Noch einmal Aug' in Auge. Dann wandten sie sich zu gleicher Zeit um. Er stieg die Treppe hinauf, und sie ging, von Margarete begleitet, nach der Stadt zurück.
Er stand auf dem Hochgericht, hielt die Hand über die Augen und schaute ihr nach. Als sie hinter einer Hecke verschwunden war und er' sie nicht mehr sehen konnte, zog er den Wams aus, hob ihn in die Höhe und rief: ›Ist der Mann da, der mir seinen Wams geliehen hat?‹ Er wartete eine Weile. Als keine Antwort kam, warf er den Wams in die Menge hinunter und rief: ›Gebt ihn dem Mann und sagt ihm meinen Dank!‹
Dann suchten seine Augen mich.
Als sie mich gefunden hatten, rief er: ›Herzbruder! Grüße den Meister und deine Margarete! Grüße mein Weib! Grüße sein Grab!‹
›Herzbruder!‹ rief ich hinauf.
Valentin kniete jetzt nieder neben dem Pfarrer und hörte auf dessen Gebet. Dann stand er auf und reichte dem Geistlichen und dem Henker die Hand. Seine Augen grüßten mich noch einmal. Darauf kniete er nieder und legte den Kopf auf den Block.

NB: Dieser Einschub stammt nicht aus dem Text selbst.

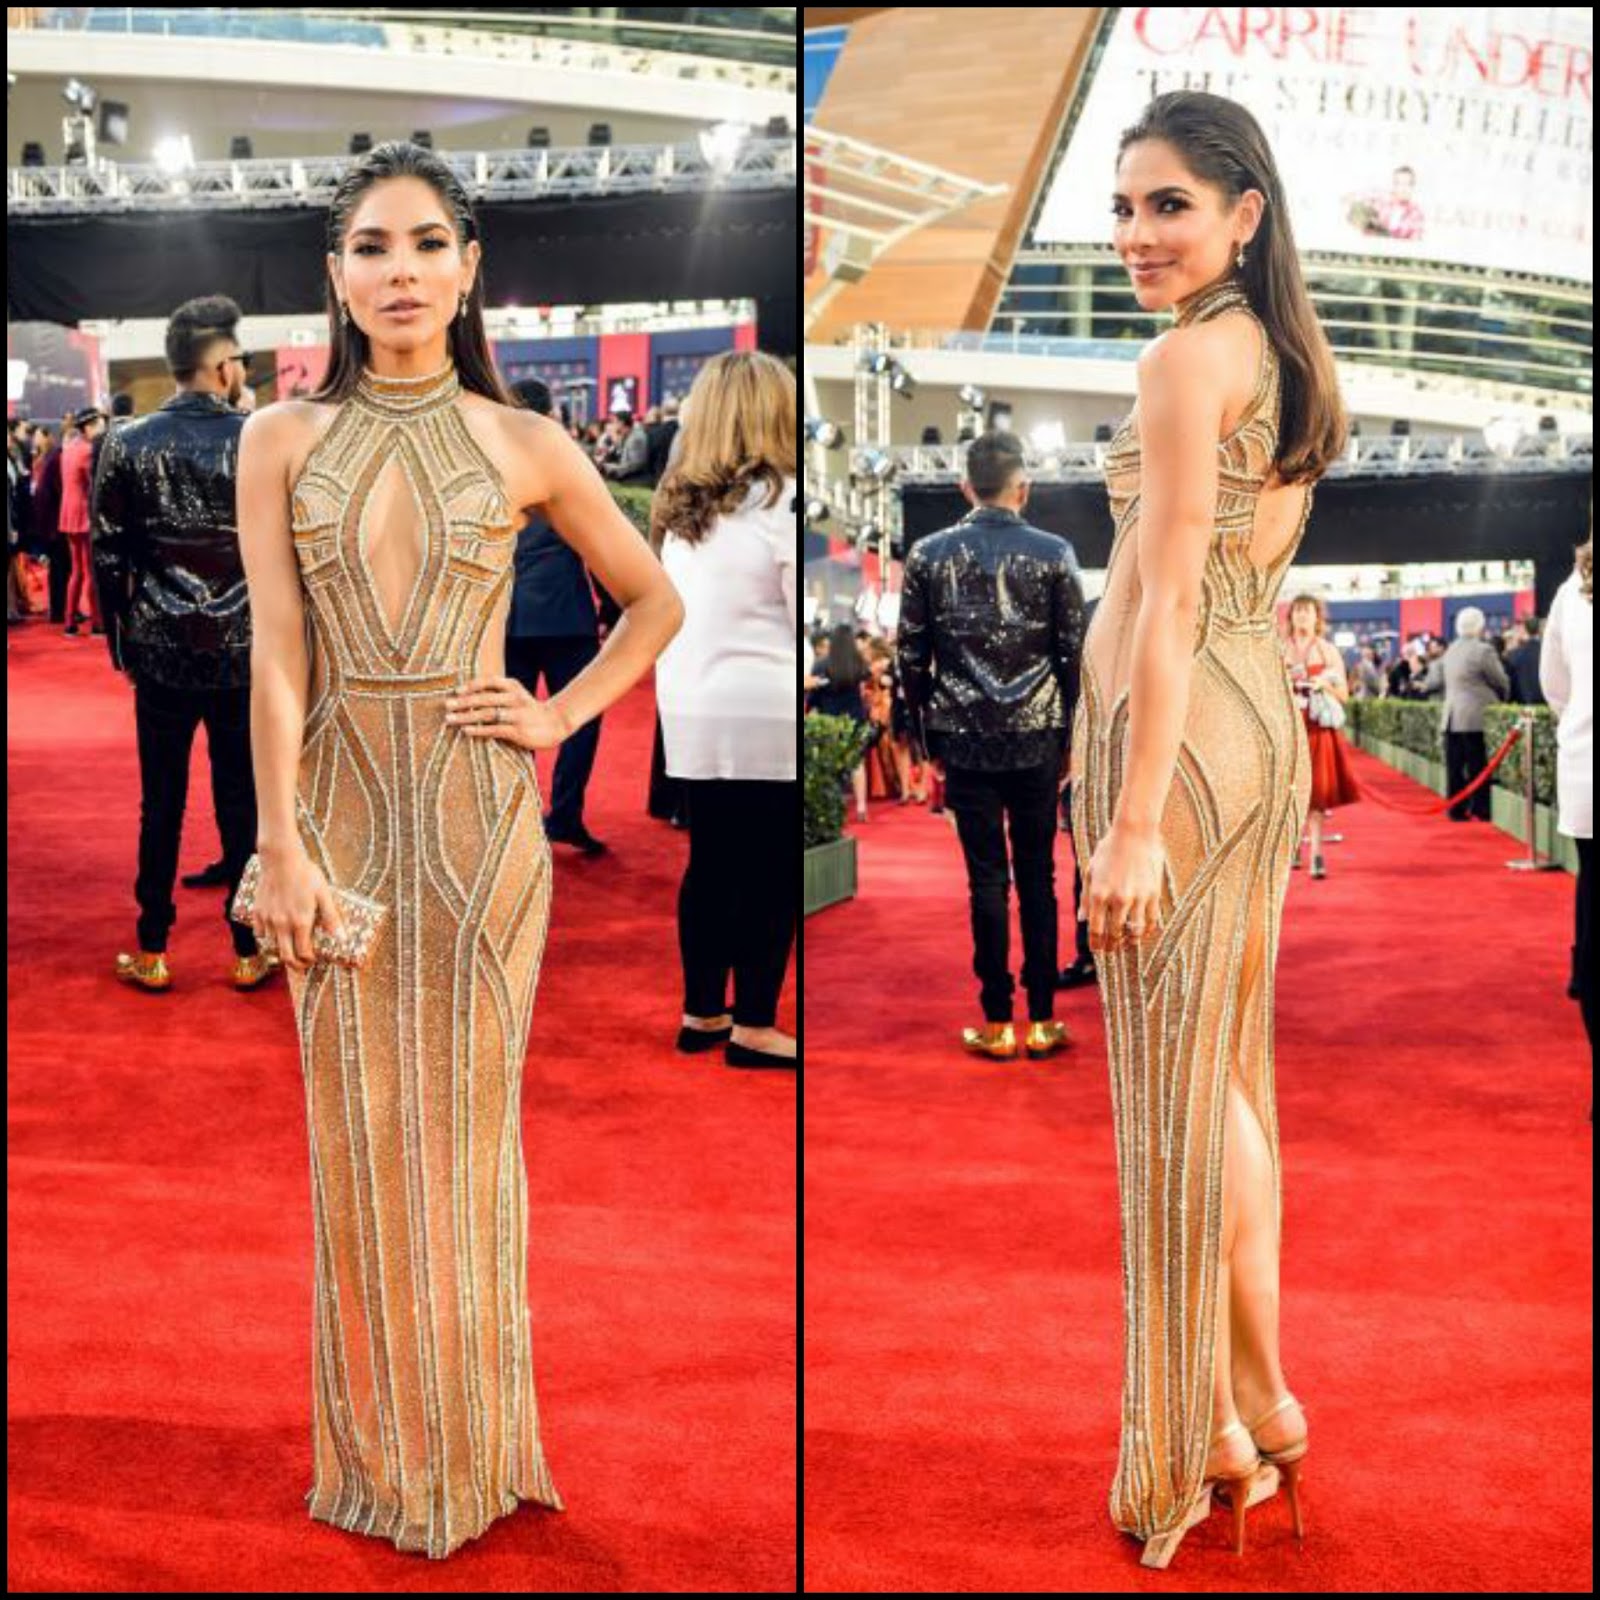 Nick Verreos: WHO WORE WHAT?.....2016 Latin Grammys Red Carpet

Der Henker ließ sein Schwert im Sonnenschein funkeln. Das Eisen war so lauter und blank wie damals, als Kunigunde und Valentin es miteinander geputzt hatten. Der Henker besah die Bilder auf der Breite des Schwertes, und mit lauter Stimme las er die Geschrift:
›Wenn ich das Schwert tu aufheben.
Dann schenke dir Gott das ewige Leben!‹
›Amen!‹ rief eine Stimme aus der Menge.
Der Meister hob das Schwert hoch in beiden Händen – ein Blitz zuckte herunter – ich schloß die Augen ...«
So erzählte der Ratsherr und Schwertfegermeister aus dem Burgweg zu Heidelberg seinem Stubenherrn hoch oben auf dem Turmaltan der Heiliggeistkirche. Sie saßen nebeneinander auf dem Bänklein, dem herunterrauschenden Neckar zugekehrt. Das weiße Haar des alten Mannes und die dunkelblonden Locken des Jünglings leuchteten im Sonnenschein. Die Schwalben flogen über ihnen hin und her, und von Viertelstunde zu Viertelstunde rasselte es im Uhrwerk und dröhnte der Glockenschlag.
Johannes hatte seine Erzählung beendet. Jodokus schaute ihn an mit feuchten Augen und griff nach seiner Hand. Da aber der Alte seine Augen geschlossen hatte, saß Jodokus stille wartend da, derweilen eine Träne über seine Wange schlich. Als der Meister die Augen aufschlug, drückte ihm der Studiosus die Hand und sagte leise: »Ich danke Euch.«
Der Meister stand auf, sah nach der Sonne und dann über die Stadt hin und sagte:
»Es ist spät geworden. Meine Hausfrau weiß, daß ich mich da oben immer versinne; aber diesmal hat es gar lange gedauert; ich schätze, daß sie schon eine ganze Weile unten auf mich wartet.«
Er trat an das Geländer und schaute hinab. Als er sein Antlitz wieder hob, leuchteten seine Augen auf, und er rief: »Nein, sie kommt eben erst.«
Er beugte sich über die Schutzmauer und grüßte mit der Hand einem alten Frauchen hinunter, das vom Barfüßerkloster her zur Kirche eilte. Sie hatte ihren Blick heraufgerichtet und dankte nickend und winkend dem Gruße. An der Hand sprang eins ihrer Enkelkinder.
»Margarete!« sagte der Alte innig vor sich hin. Dann wandte er sich dem Turm zu: »Wir wollen ihr entgegen.«
Er ging voran. Als sie unter der Glockenstube hinschritten, hielt der Alte den Fuß an und lauschte. Jodokus warf einen scheuen Blick hinauf nach dem Armensünderglöcklein. Dann eilten sie hastig weiter; der Student war erbleicht, als ob ihm ein Schauder über den Rücken liefe.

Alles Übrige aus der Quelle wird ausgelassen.